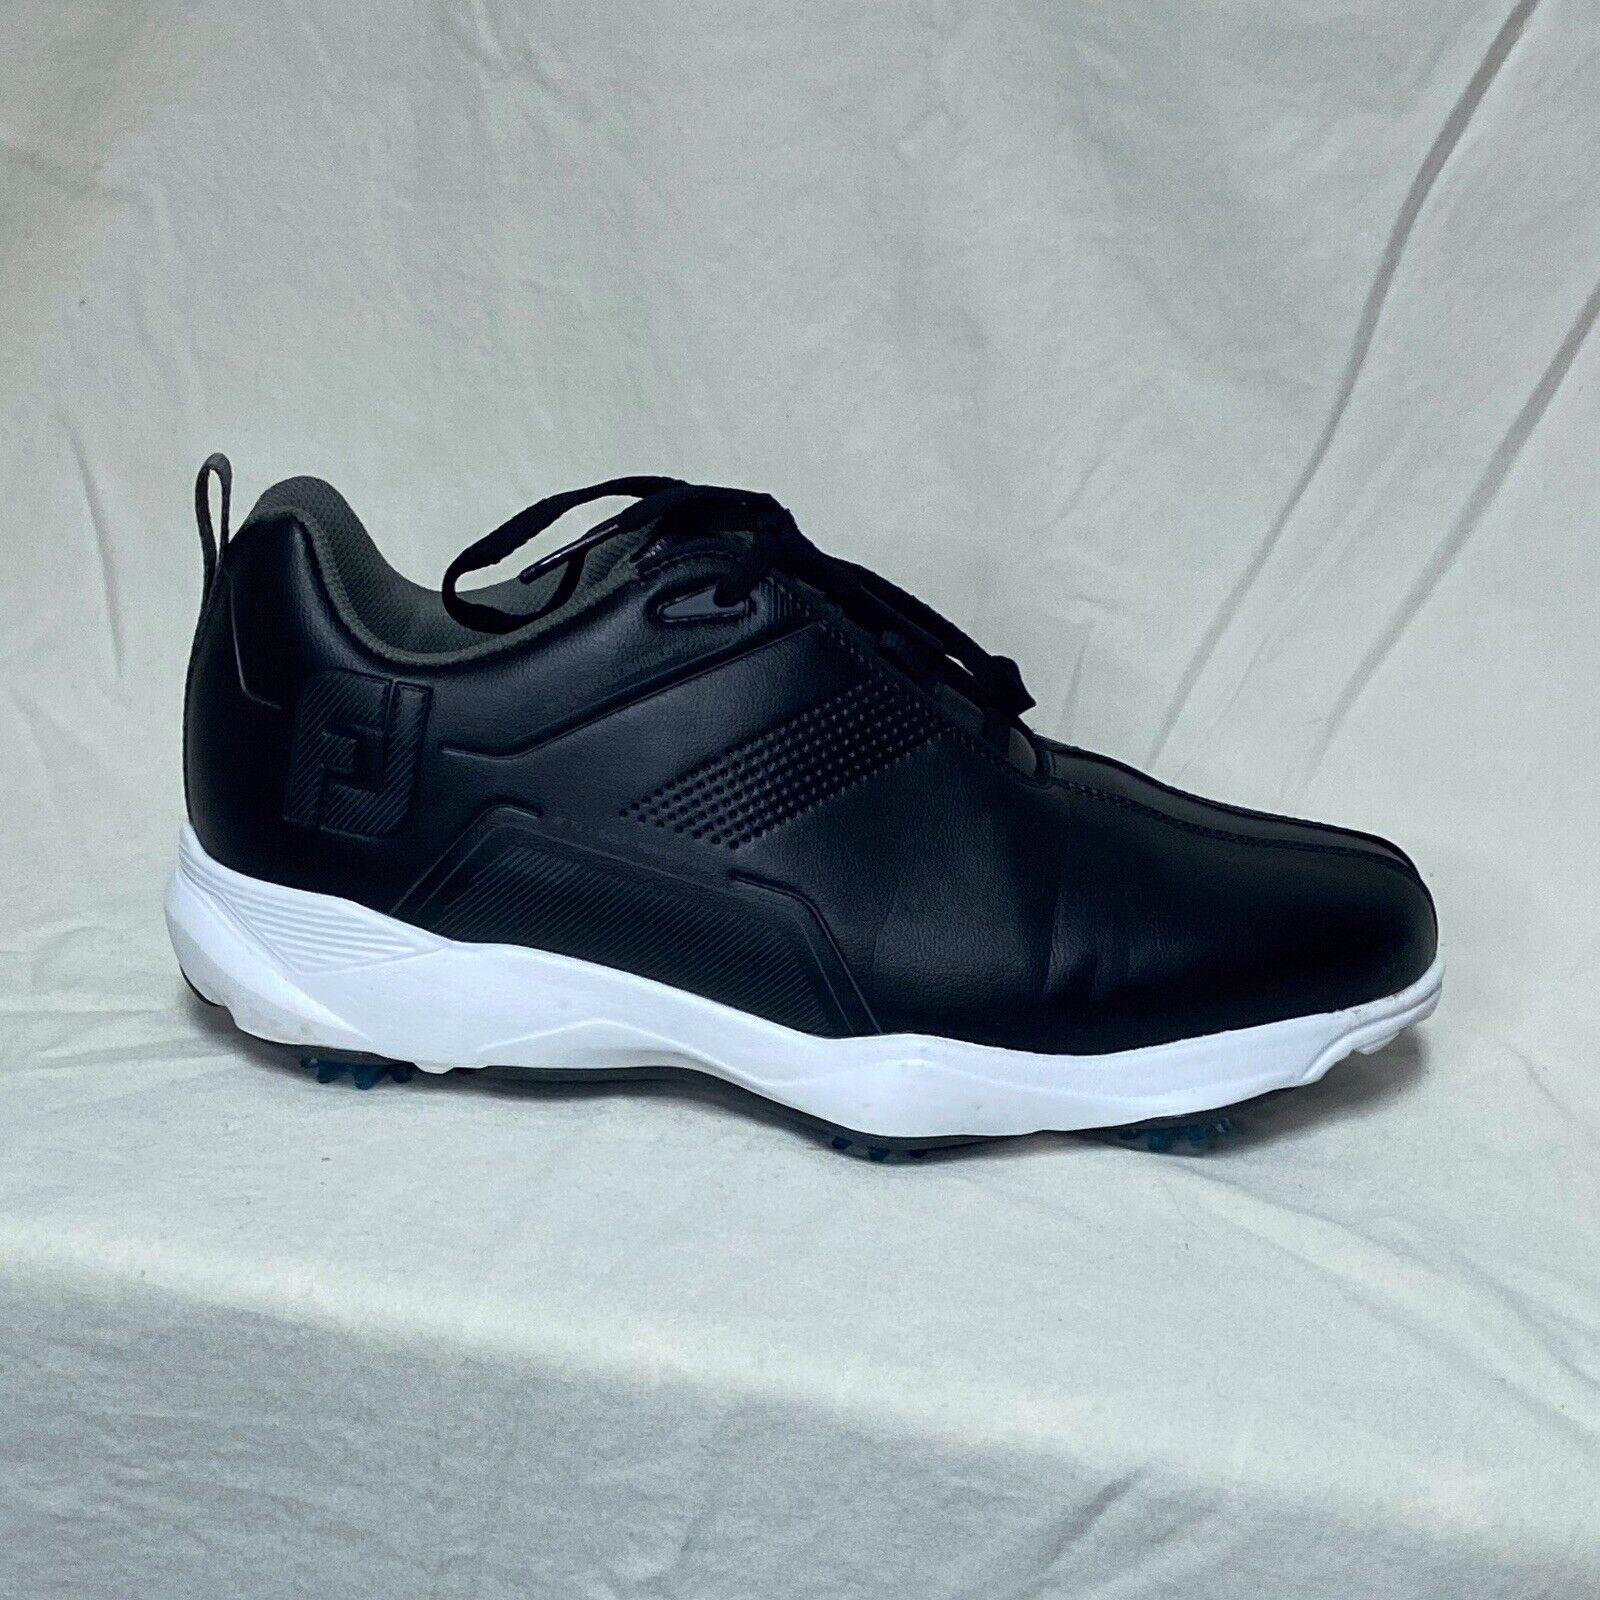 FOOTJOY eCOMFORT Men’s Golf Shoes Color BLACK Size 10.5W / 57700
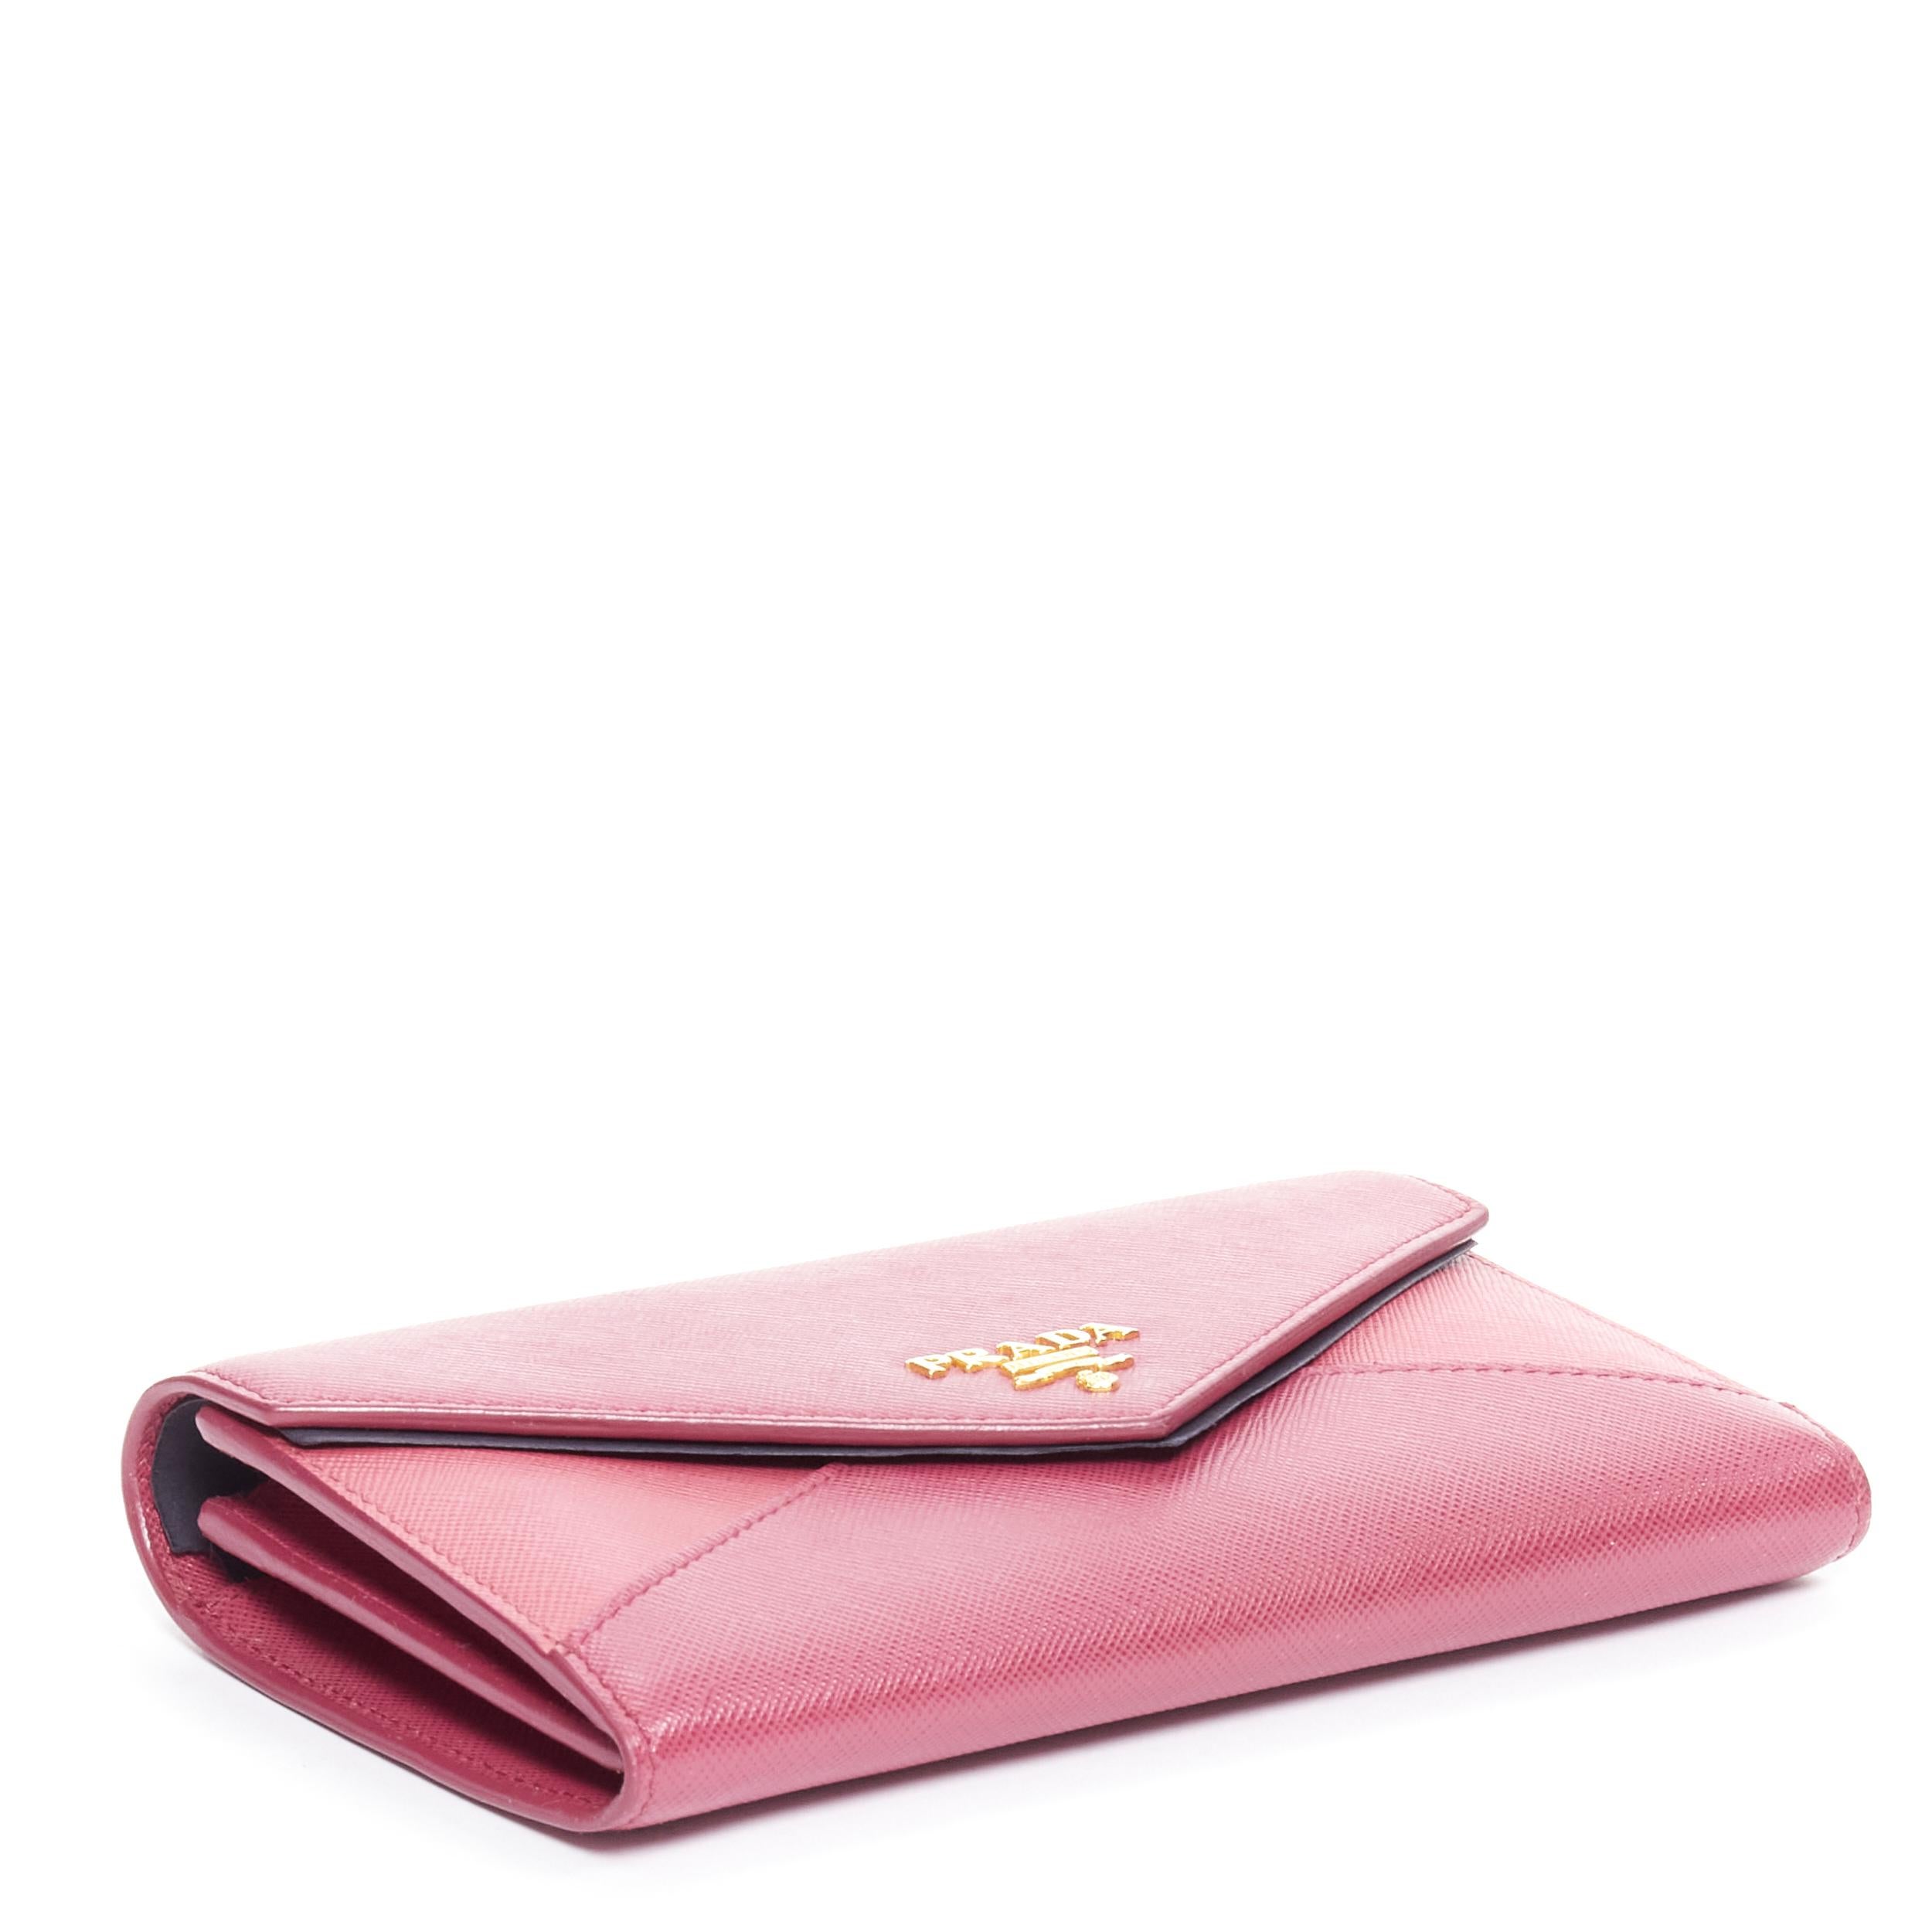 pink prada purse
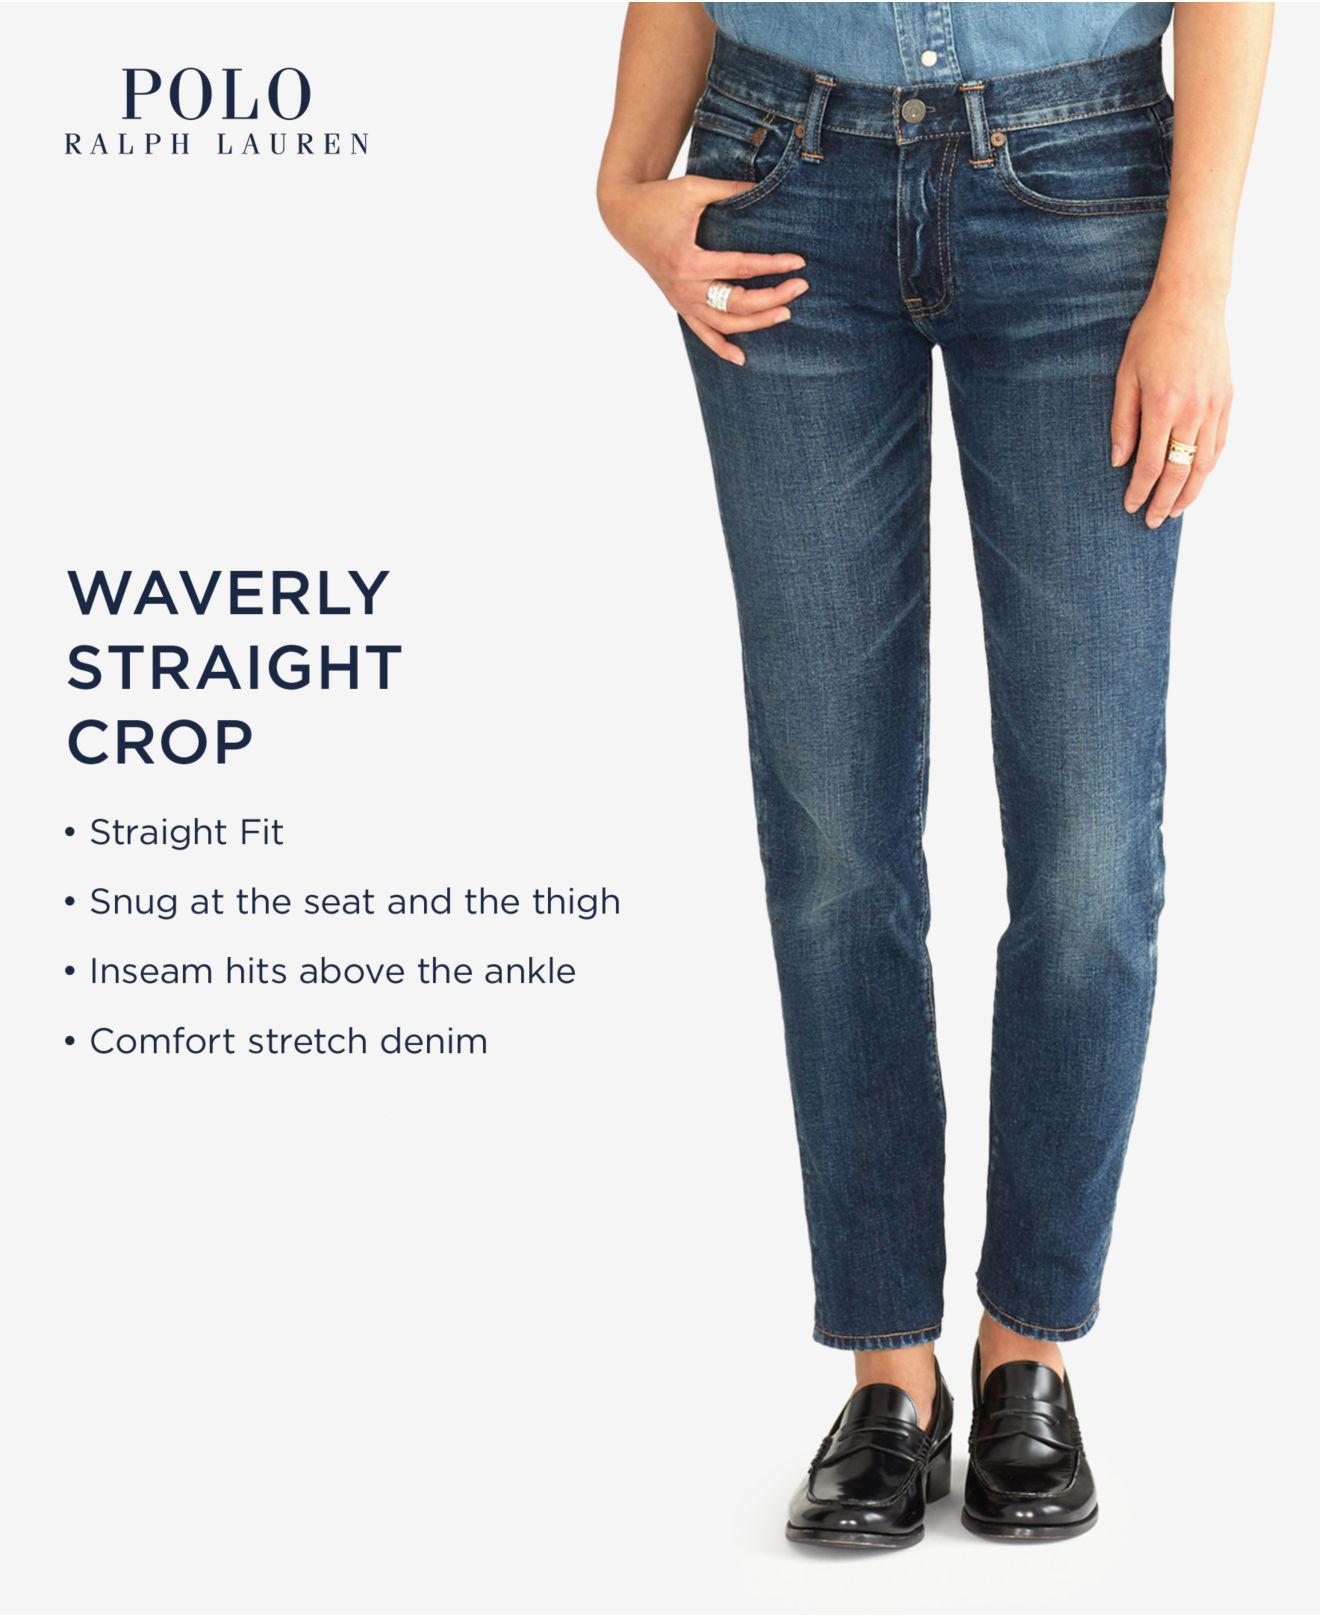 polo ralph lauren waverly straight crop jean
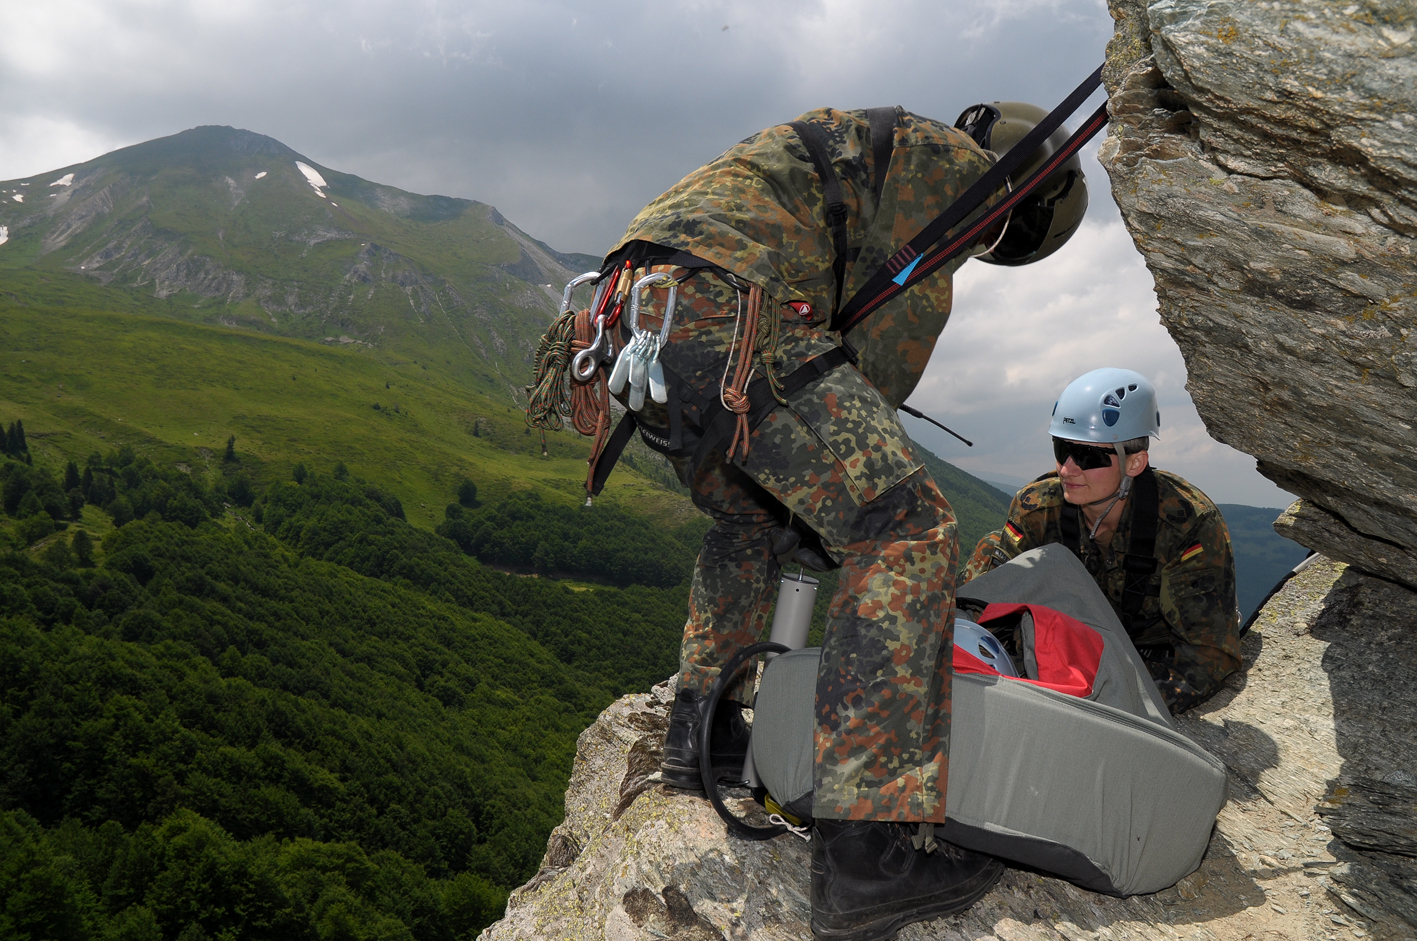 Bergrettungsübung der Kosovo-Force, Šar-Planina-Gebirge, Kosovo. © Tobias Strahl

......

Task objective:
Copy the data exactly. Any picture it contains is to be omitted.

Solution for this problem:
 FOOTJOY eCOMFORT Men’s Golf Shoes Color BLACK Size 10.5W / 57700
 pink prada purse
 polo ralph lauren waverly straight crop jean
 Bergrettungsübung der Kosovo-Force, Šar-Planina-Gebirge, Kosovo. © Tobias Strahl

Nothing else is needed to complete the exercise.